Я смотрел на нее не в силах вымолвить ни слова от охватившего меня отчаяния и примешавшегося к нему удивления, а она… смеялась, и это было страшно. Еще более страшно от того, что смех ее был искренне счастливым. Я смотрел на ее развивающиеся рыжие волосы, выбившиеся неизвестно откуда налетевшим порывом ветра из-под капюшона; на ее большие серые глаза, на женственность черт ее прекрасного лица и не мог поверить, что смерть одного человека и «падение» другого могли доставить этому ангелу такое удовольствие. Но я и по сию пору, как наяву, вижу перед собой искорки ее красивых смеющихся глаз и раскрытый в радостном хохоте рот, обнажающий обрамленные линиями прелестных розовых губ маленькие белоснежные зубки, и у меня не остается более сомнений – она действительно была рада.
Пораженный, я поднял руку для того чтобы перекреститься, но заметив мое движение эта «страшно-прекрасная» женщина вдруг перестала смеяться, выражения радости сменилось на ее лице недоумением и какой-то даже растерянностью, а в глазах, которые казалось, стремились заглянуть мне прямо в душу, появилась непонятная смесь страдания и надежды. Выпростав из-под плаща свою тонкую поражающую изяществом руку, она призывным жестом протянула ее в мою сторону, будто желая увлечь меня за собой или удержать, что-то от нее ускользающее.

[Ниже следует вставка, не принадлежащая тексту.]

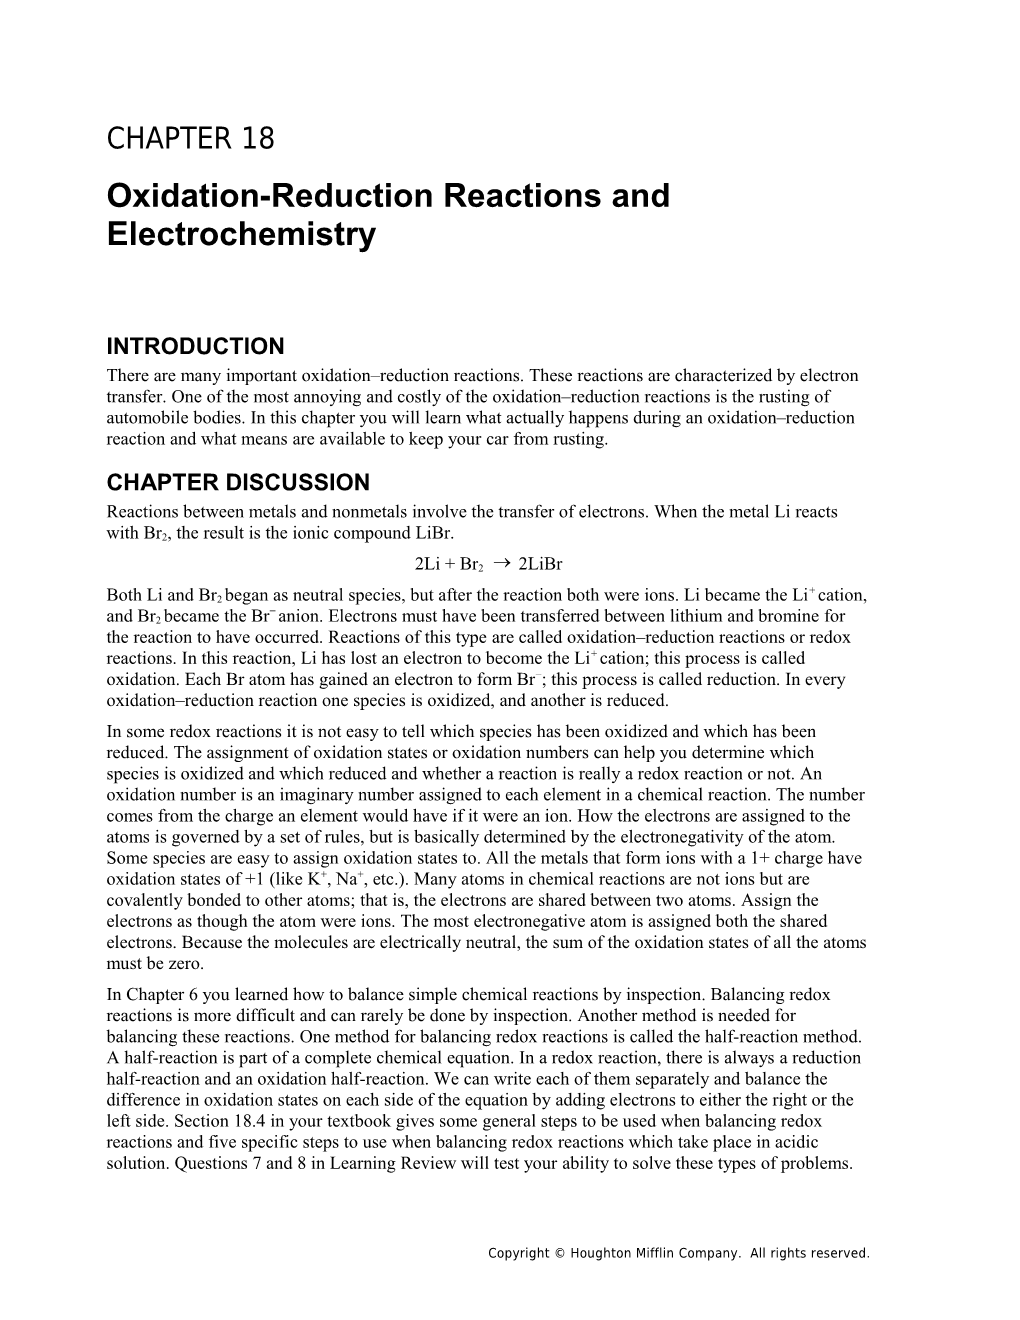 Chapter 18: Oxidation-Reduction Reactions and Electrochemistry 1
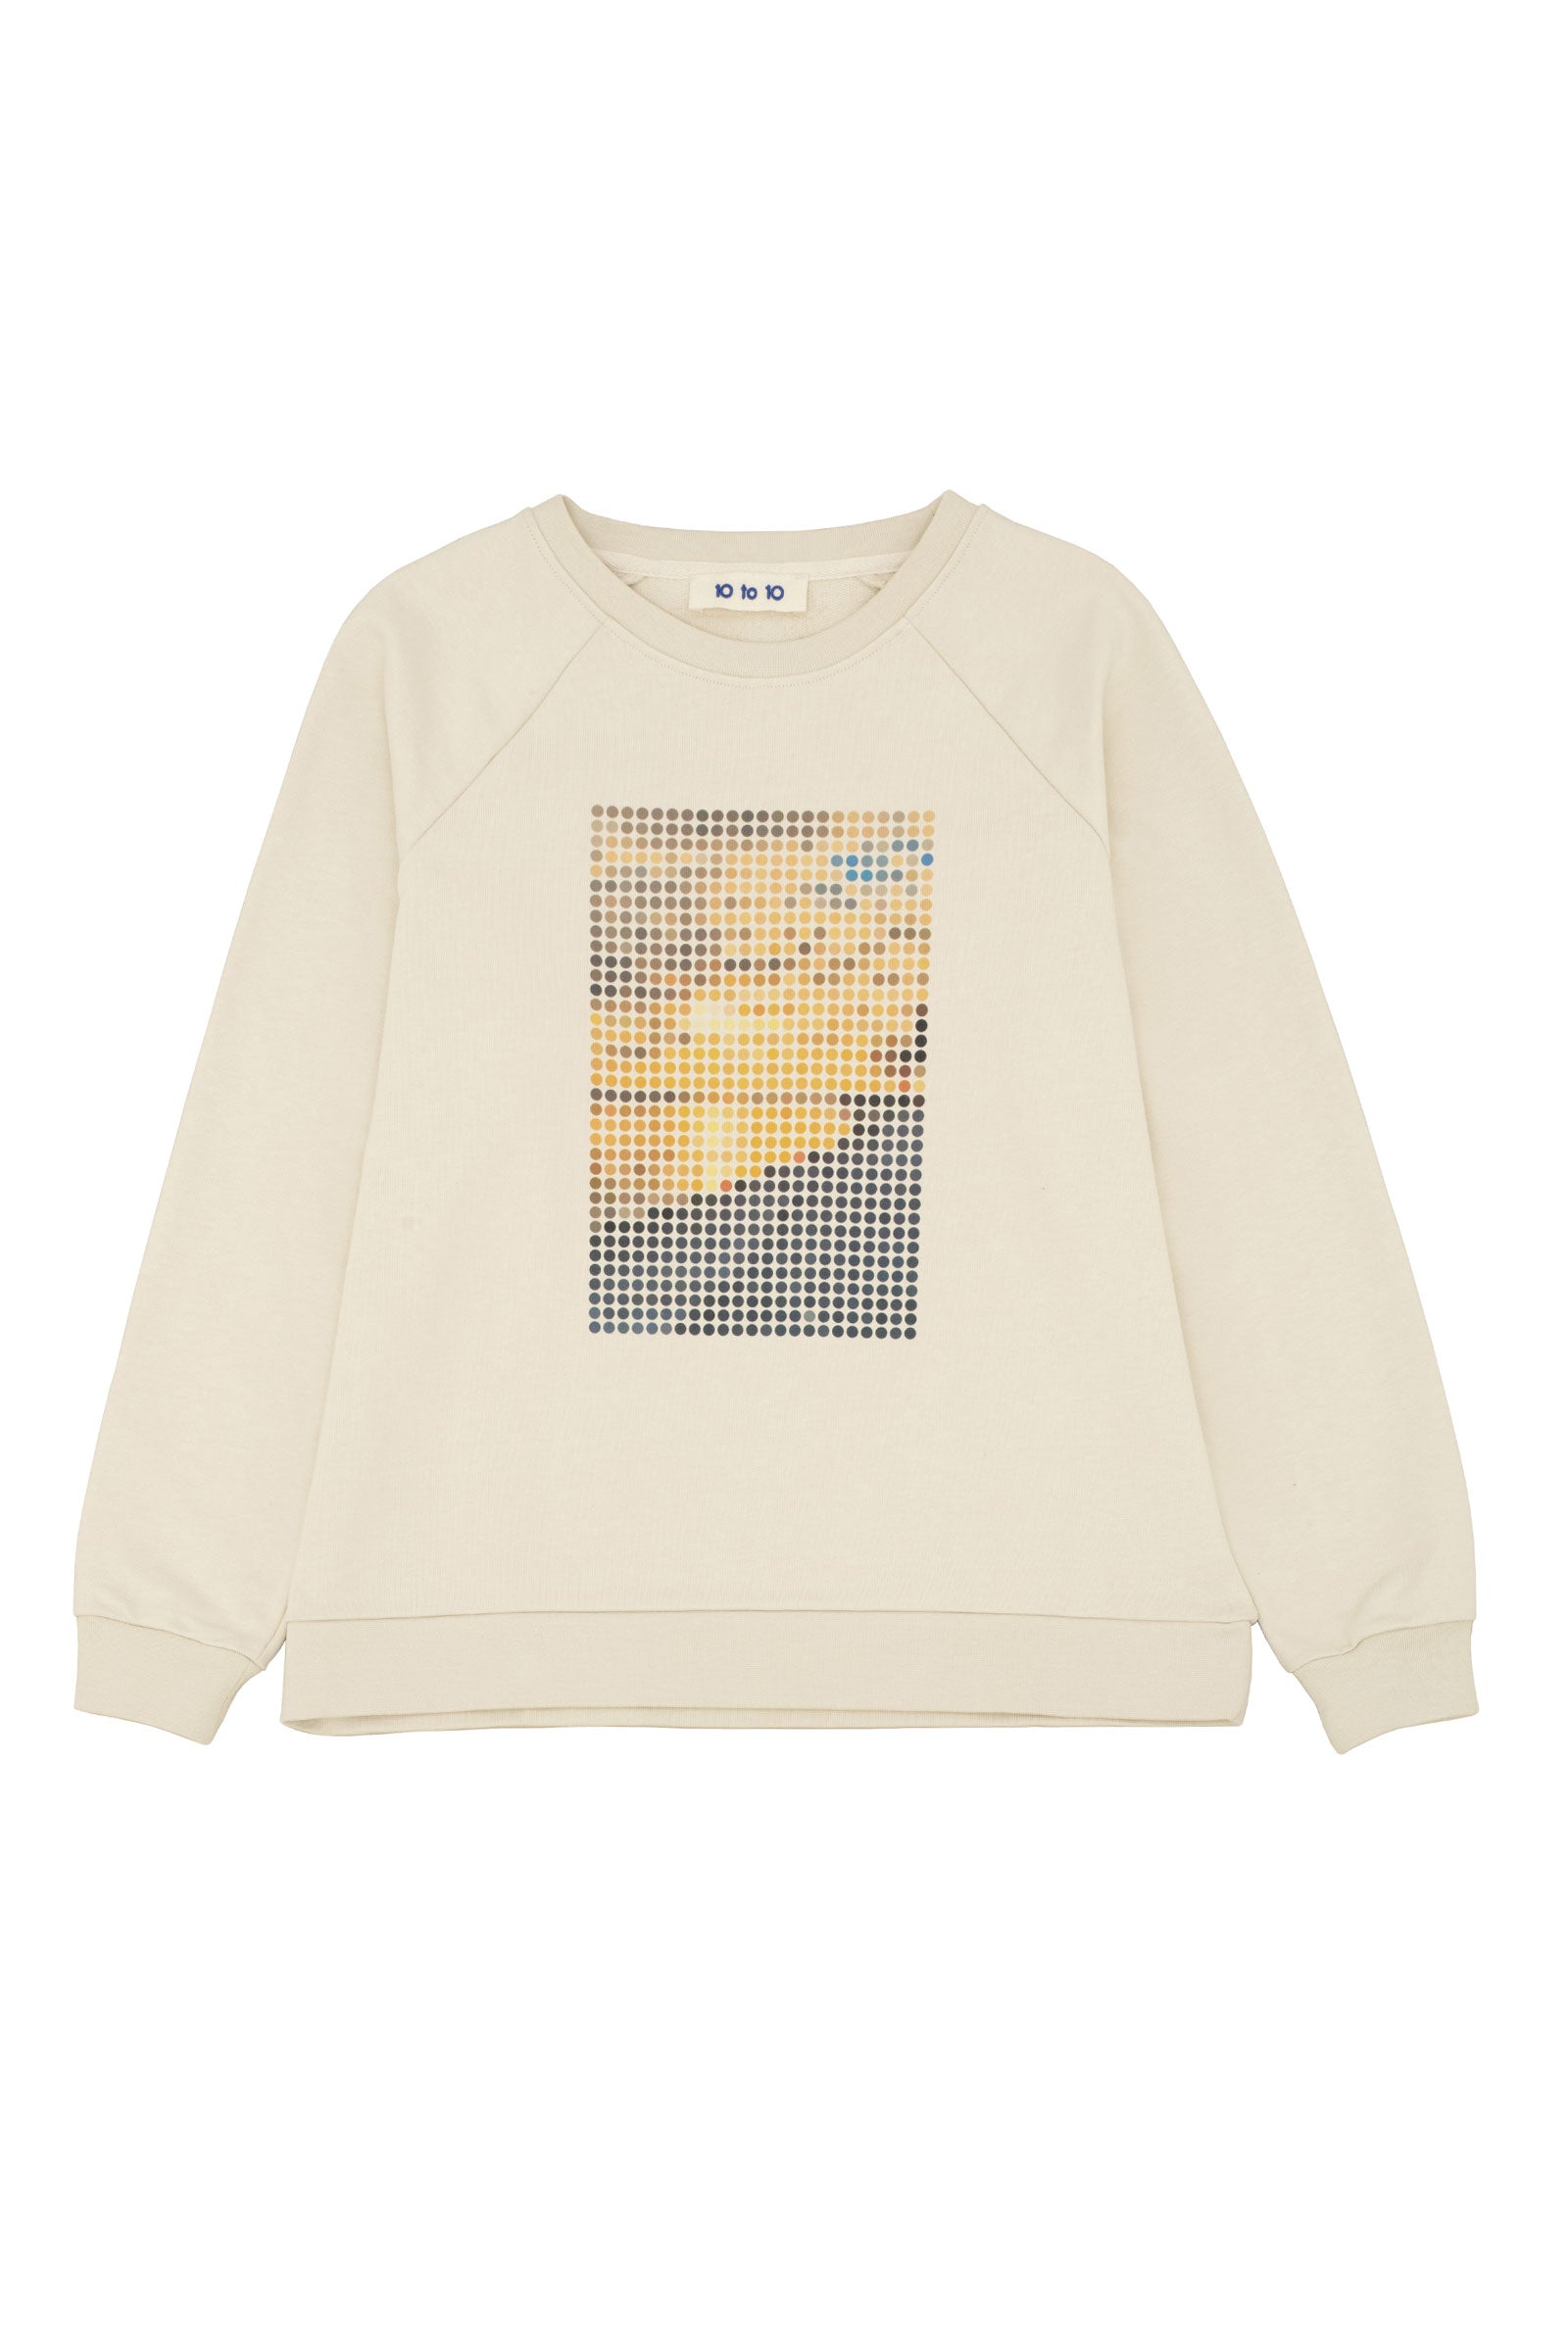 10 to 10 Unisex sweatshirt with Dots print representing a sunset by the sea

Я, было, отвлекся, наблюдая эту перемену, но вдруг с удивлением заметил на ее руке, чуть повыше запястья, ожог в виде креста. Еще так недавно я оставил подобный след своим распятием несчастному Скину, чтобы можно было ошибиться. И я продолжил креститься. Целая гамма чувств отразилась тогда на ее лице: отчаяние, раздражение, ярость, сменяя друг друга, преображали этот прекрасный лик; гнев же окончательно исказил его. Пылая охватившей ее злобой, она бросилась на меня и я, так и не закончив сотворение крестного знамения, отвернулся, прикрывая себя рукой от дьявольского виденья. И она… исчезла. Растворилась, оставив вместо себя облачко густого черного дыма, зависшее в нескольких дюймах от меня и скоро так же рассеявшееся. Однако это не стало для меня облегчением, ведь стоило ей исчезнуть, как вокруг меня вновь сомкнулась плотная завеса белесого тумана, а откуда-то сверху крупными хлопьями повалил снег. Все это сливалось в сплошное белое месиво, создавая впечатление окружающей меня пустоты, обостряемое к тому же абсолютной, ничем не нарушаемой, тишиной. И в этой пустоте существовали теперь только я и бездыханное тело человека, чья жизнь была невольно мною прервана. Во всем мире я остался один на один со своей жертвой, один на один с грехом. И я должен был принять его, но не смог. Я должен был раскаяться, подвергнуться суду и позволить свершиться возмездию. Но если за раскаянием дело не стало, то публичному признанию я предпочел этот дневник, суду – совесть, а казни – жизнь.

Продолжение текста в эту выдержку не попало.